DEMAND 3

TOWARDS IMMIGRANT JUSTICE

Sheriffs Should End All Voluntary Cooperation with Any and All Immigration Enforcement

The Issue

Sheriffs are not required to enforce federal immigration laws. Despite this, many of them maintain voluntary agreements or contracts within immigration enforcement, often unlawfully detaining people or tipping off immigration enforcement about a person’s release. 

When the Department of Homeland Security (DHS) enters into a 287(g) agreement with a sheriff's office, that office is deputized to perform certain functions of federal immigration agents. Deputies can interview individuals to find out their immigration status, issue immigration detainers, issue a notice to appear in immigration court, transfer noncitizens to Immigration and Customs Enforcement (ICE) custody, and perform other actions usually reserved for ICE agents.

ICE detainers or “immigration holds” are requests from ICE to sheriffs or local jail administrators to continue holding people for 48 hours after their scheduled release date. Sheriffs do not have to honor these detainers and can release the person instead. Courts have found that many detainers do not include any legal justification for arresting or detaining the person, and as a result, the requested continued detention would be unlawful.

Some sheriffs rent beds to ICE under Intergovernmental Service Agreements (IGSAs). A significant number of ICE’s detained population is held pursuant to IGSAs between ICE and local jail administrators, usually sheriffs, to keep individuals detained in jail pending civil deportation proceedings. These agreements award up to $162 a day for every person held.


Why It Matters

Aggressive immigration enforcement causes real harm in local communities. First, it leads to racist policing practices, as deputies may engage in racial profiling or targeted policing based on ethnicity or national origin. For example, during a raid of a rural Pennsylvania company in 2018, officers “lined up Latinos for questioning and asked white employees to lead them to more Latino workers.” ICE also has a history of getting citizenships wrong.

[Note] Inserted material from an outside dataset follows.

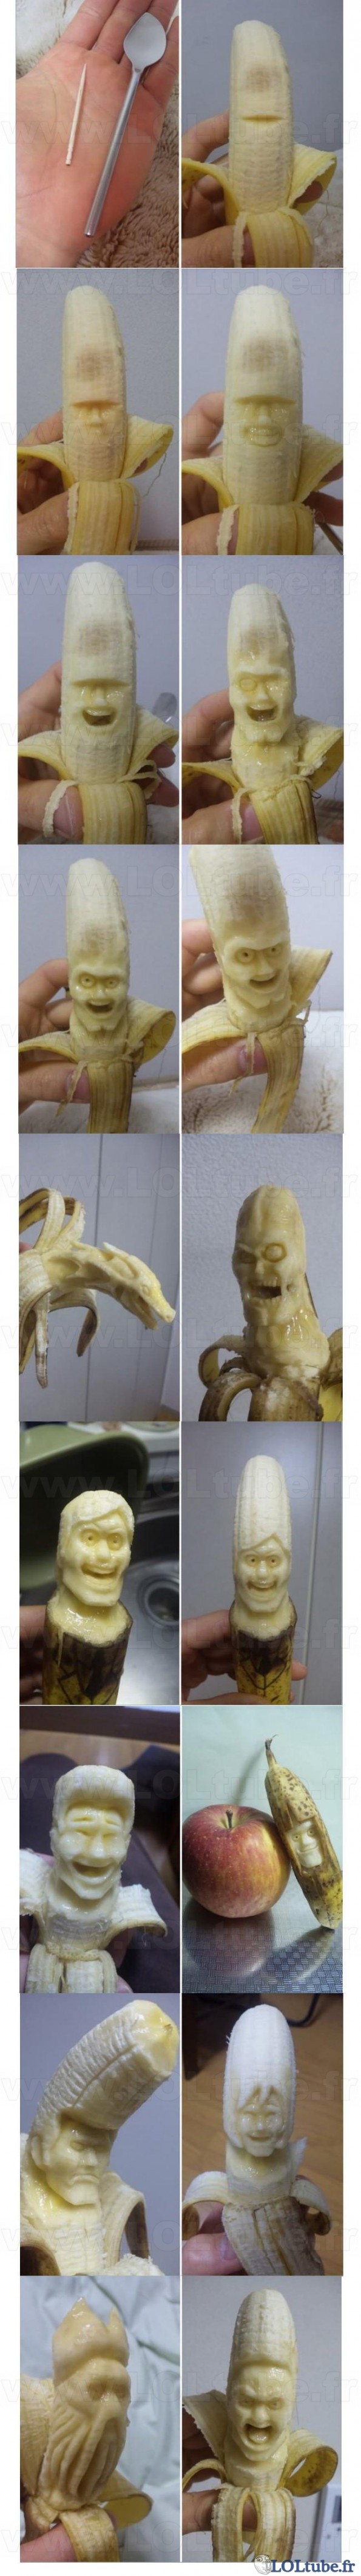 Sculpture sur banane

An NPR analysis found that hundreds of U.S. citizens have been wrongfully held in jails and ICE detention centers on federal immigration detainers. People in deportation proceedings are not entitled to a court-appointed lawyer, which makes proving their right to be in the country much more difficult.

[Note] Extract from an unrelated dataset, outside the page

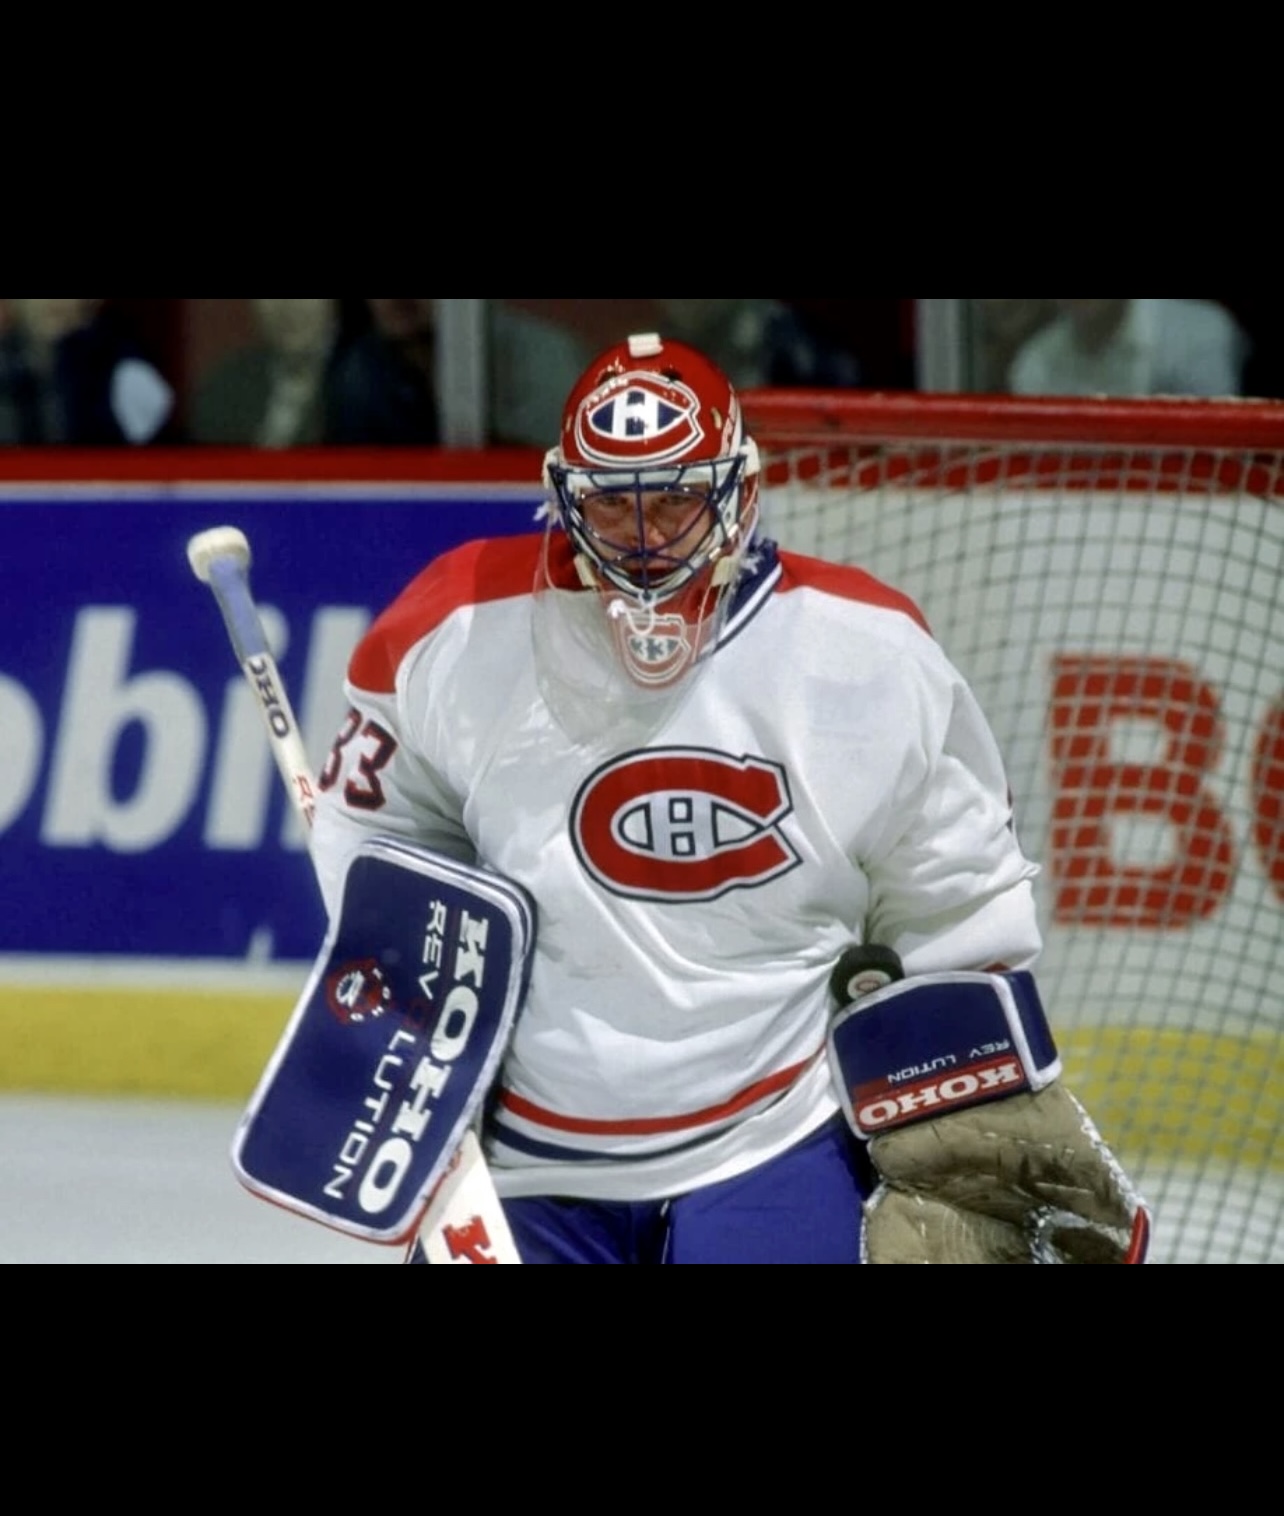 Le gardien des Canadiens de Montréal, Patrick Roy, est prêt à réaliser un arrêt et à être immortalisé !

It also makes people who are witnesses or victims of crime less likely to come forward. When people know that contact with local law enforcement could lead to ICE involvement, they simply will not report crimes. The person who caused harm will be able to continue to do so. Human traffickers, for example, use the fear of law enforcement to reinforce and strengthen their coercion and control over their victims.

Honoring ICE detainers can dramatically increase jail populations because of the trickle-down effects: individuals with detainers often receive higher bonds or no bond at all, increasing their rate of being held for their entire pretrial period. Studies show that individuals with immigration detainers spent additional weeks in jail pretrial.

Sheriffs who contract with neighboring counties and the federal government to house other individuals from places with full jails will likely end up overcrowding their own jail. As a recent Vera Report revealed, many sheriffs rent out jail bed space to neighboring counties for a per diem, ostensibly for a profit. But that simply leads to more crowding in their own jails, and at a time when staffing is short, less safety and care for those housed in them.


What’s Possible

Sheriffs have discretion and power. They can choose to oppose policies that make communities less safe. Taking on the federal government’s job will drain resources from the office and fill up the jail with people who do not pose any threat to community safety. Sheriffs across the country that have taken a stand against being forced to perform federal immigration enforcement, including Mecklenburg County Sheriff Garry McFadden, Harris County Sheriff Ed Gonzalez, Buncombe County Sheriff Quentin Miller, among others.


How We Get There

Sheriffs should immediately take action to end cooperation with ICE and stop directing their limited resources to federal immigration enforcement. They take the following actions: 

  • Terminate any existing agreements with ICE, including 287(g) agreements and most bed rental programs, known as Intergovernmental Service Agreements (IGSAs). 

  • Refuse to hold noncitizens longer in order for ICE to take custody. 

  • Do not rent beds to the federal government or neighboring counties.

  • Prohibit any information and record sharing with ICE, including personal information about people in custody and release dates, and refuse ICE access to internal databases. 

  • Prohibit deputies and jail staff from asking individuals about their citizenship or immigration status, and remove citizenship status and place-of-birth questions from intake and booking forms. 

  • Refuse ICE access to the jail without a judicial warrant. 

  • Advise noncitizens of their rights and provide a copy of all relevant documents, such as ICE detainer requests. 

  • Do not use ICE or Customs and Border Protection (CBP) officers as interpreters.

  • Encourage state sheriffs’ associations to oppose federal immigration enforcement actions, such as ICE raids and arrests, and to oppose anti-immigrant state legislation. 

  • Implement policies to reduce arrests so that fewer people are brought to jails where their biometric data is collected and shared with immigration enforcement.